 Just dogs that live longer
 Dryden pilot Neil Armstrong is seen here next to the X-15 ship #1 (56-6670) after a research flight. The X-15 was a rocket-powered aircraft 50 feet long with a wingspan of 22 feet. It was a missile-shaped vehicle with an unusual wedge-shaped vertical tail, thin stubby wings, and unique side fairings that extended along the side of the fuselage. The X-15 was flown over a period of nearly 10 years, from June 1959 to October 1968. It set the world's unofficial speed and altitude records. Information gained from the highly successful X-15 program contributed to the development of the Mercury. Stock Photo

──────────

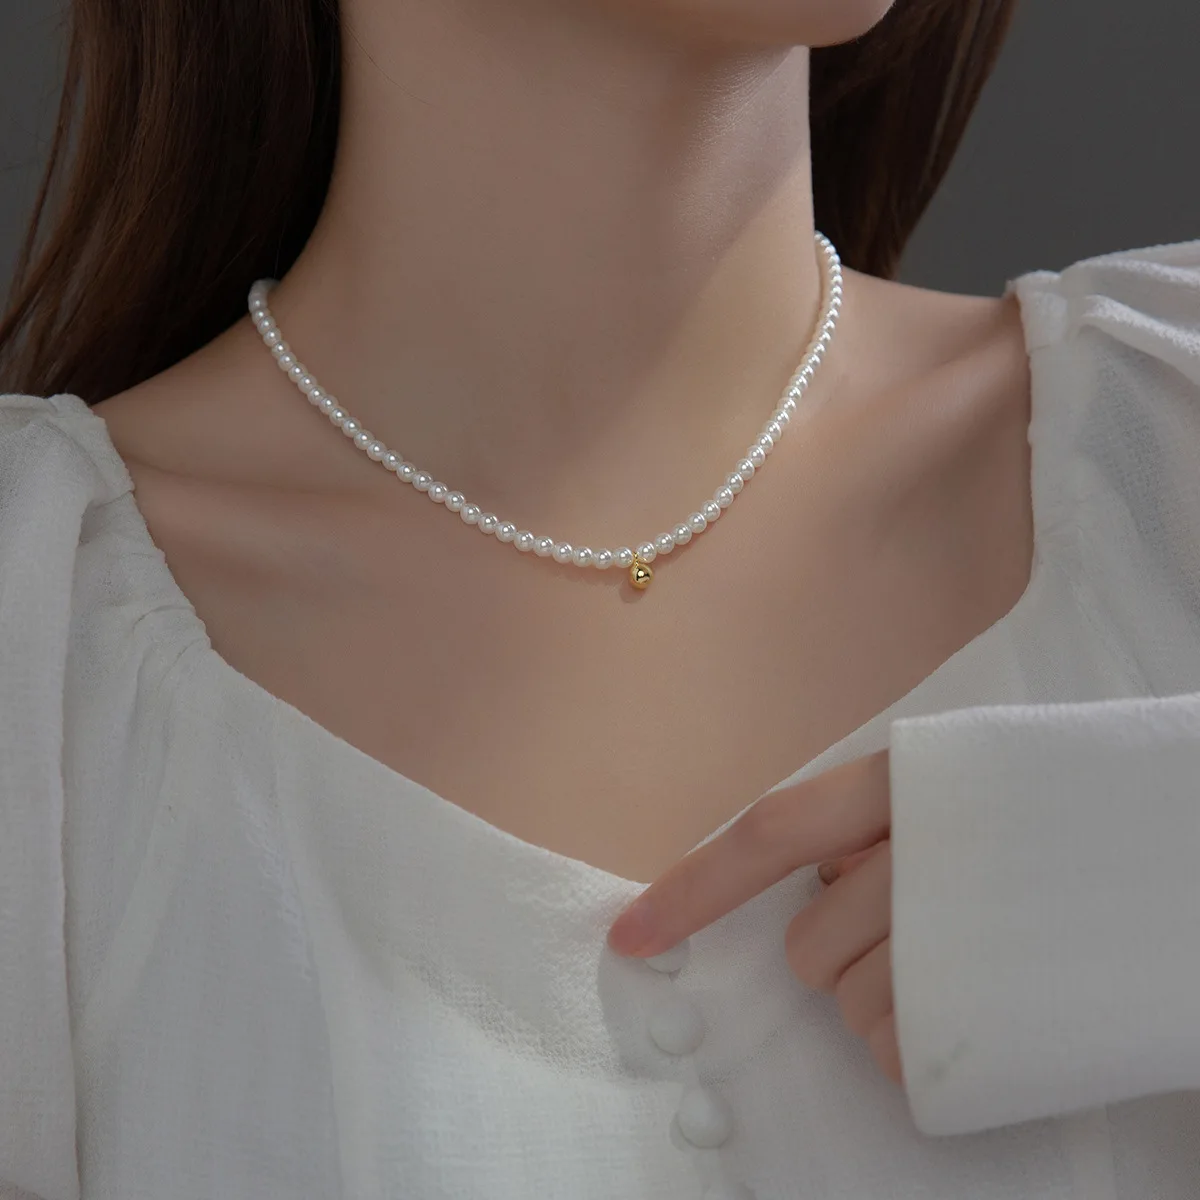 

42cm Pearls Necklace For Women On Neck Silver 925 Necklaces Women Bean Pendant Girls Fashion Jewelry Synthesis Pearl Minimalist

──────────

● **Action item**: Reproduce only the lines above, starting at the line with "Just dogs that live longer" and ending at the line with "Dryden pilot Neil", exactly as written.

● **Answer box**:
 Just dogs that live longer
 Dryden pilot Neil Armstrong is seen here next to the X-15 ship #1 (56-6670) after a research flight. The X-15 was a rocket-powered aircraft 50 feet long with a wingspan of 22 feet. It was a missile-shaped vehicle with an unusual wedge-shaped vertical tail, thin stubby wings, and unique side fairings that extended along the side of the fuselage. The X-15 was flown over a period of nearly 10 years, from June 1959 to October 1968. It set the world's unofficial speed and altitude records. Information gained from the highly successful X-15 program contributed to the development of the Mercury. Stock Photo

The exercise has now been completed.